Holy Trinity Church (Biserica Sfânta Treime) is a Romanian Orthodox church located at 13 Parcul Traian Street, Oradea, Romania. It is dedicated to the Holy Trinity.

The church was begun in 1692, after the loss of Ottoman control over the city during the Great Turkish War, in favor of the Habsburg monarchy. Originally a Roman Catholic church, it was initiated by Bishop Ágoston Benkovich and dedicated to Saint Bridget of Sweden. It was the first Catholic church outside the Oradea Citadel, located in the Olosig district. It burned in 1703 and was rebuilt in 1722.

Ship-shaped, it has a pentagonal altar; the exterior features a small wooden tower. Initially Baroque in style, as seen in the pediment decorations, it is now Eclectic.
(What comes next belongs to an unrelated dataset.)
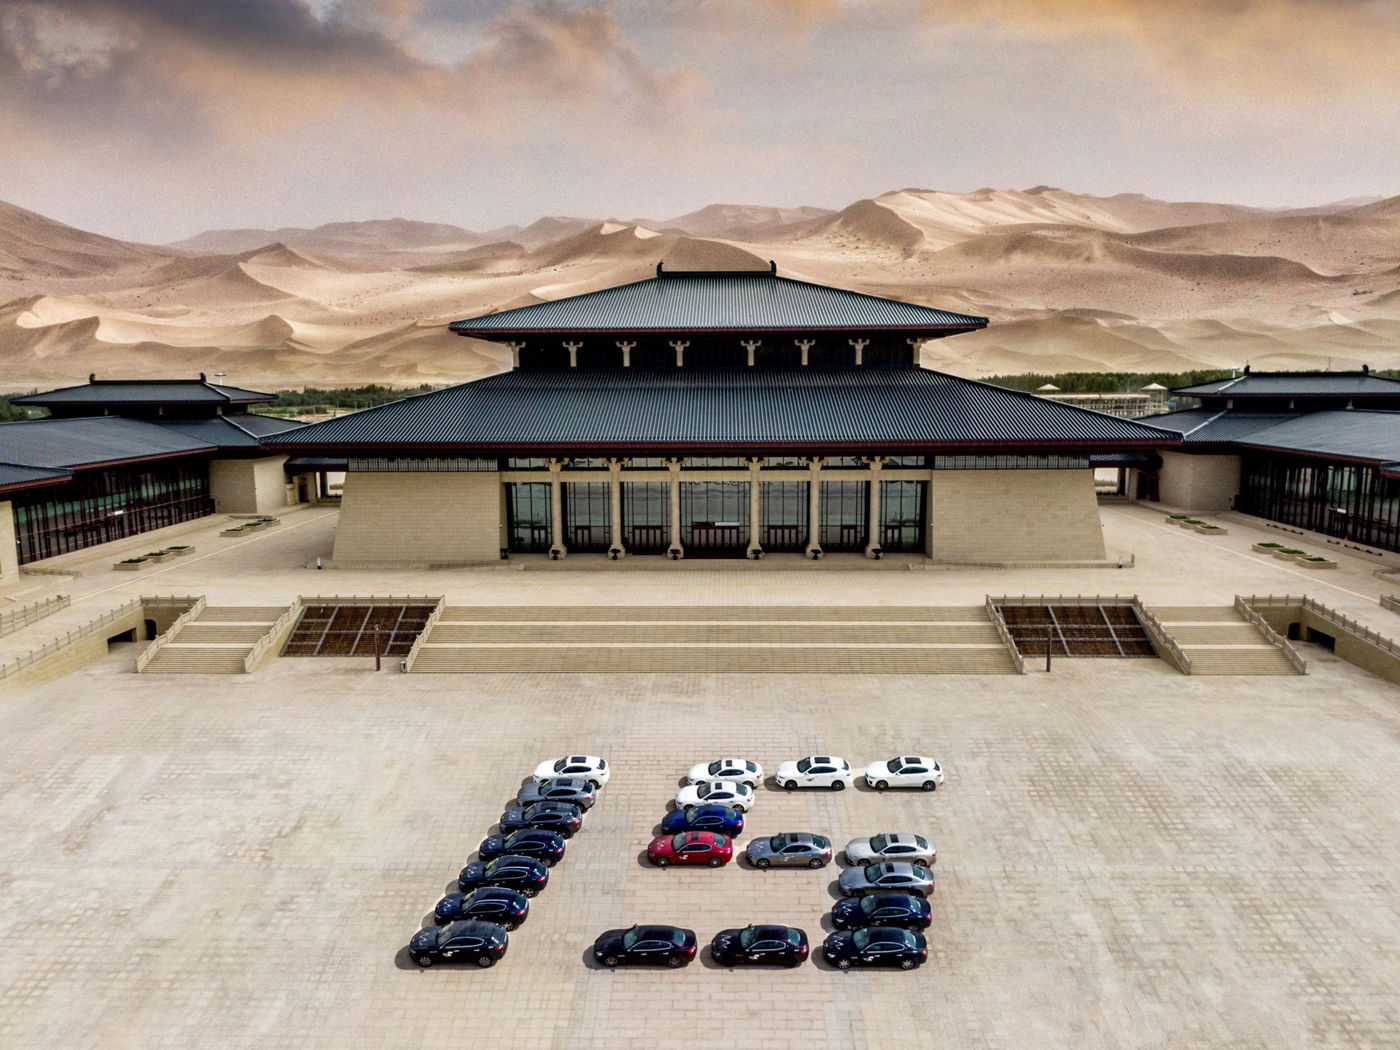 The Maserati fleet at the Dunhuang International Conference Center_1

The interior frescoes date to 1982–1985. After its Roman Catholic period, the church passed to the Ruthenian Greek Catholic community, who dedicated it to the Holy Spirit. Administered by the Oradea Mare Eparchy from 1786, it was controlled by the Hajdúdorog Eparchy between 1912 and 1919. The church was Greek-Catholic until 1948, when the new communist regime outlawed the denomination.

The church is listed as a historic monument by Romania's Ministry of Culture and Religious Affairs.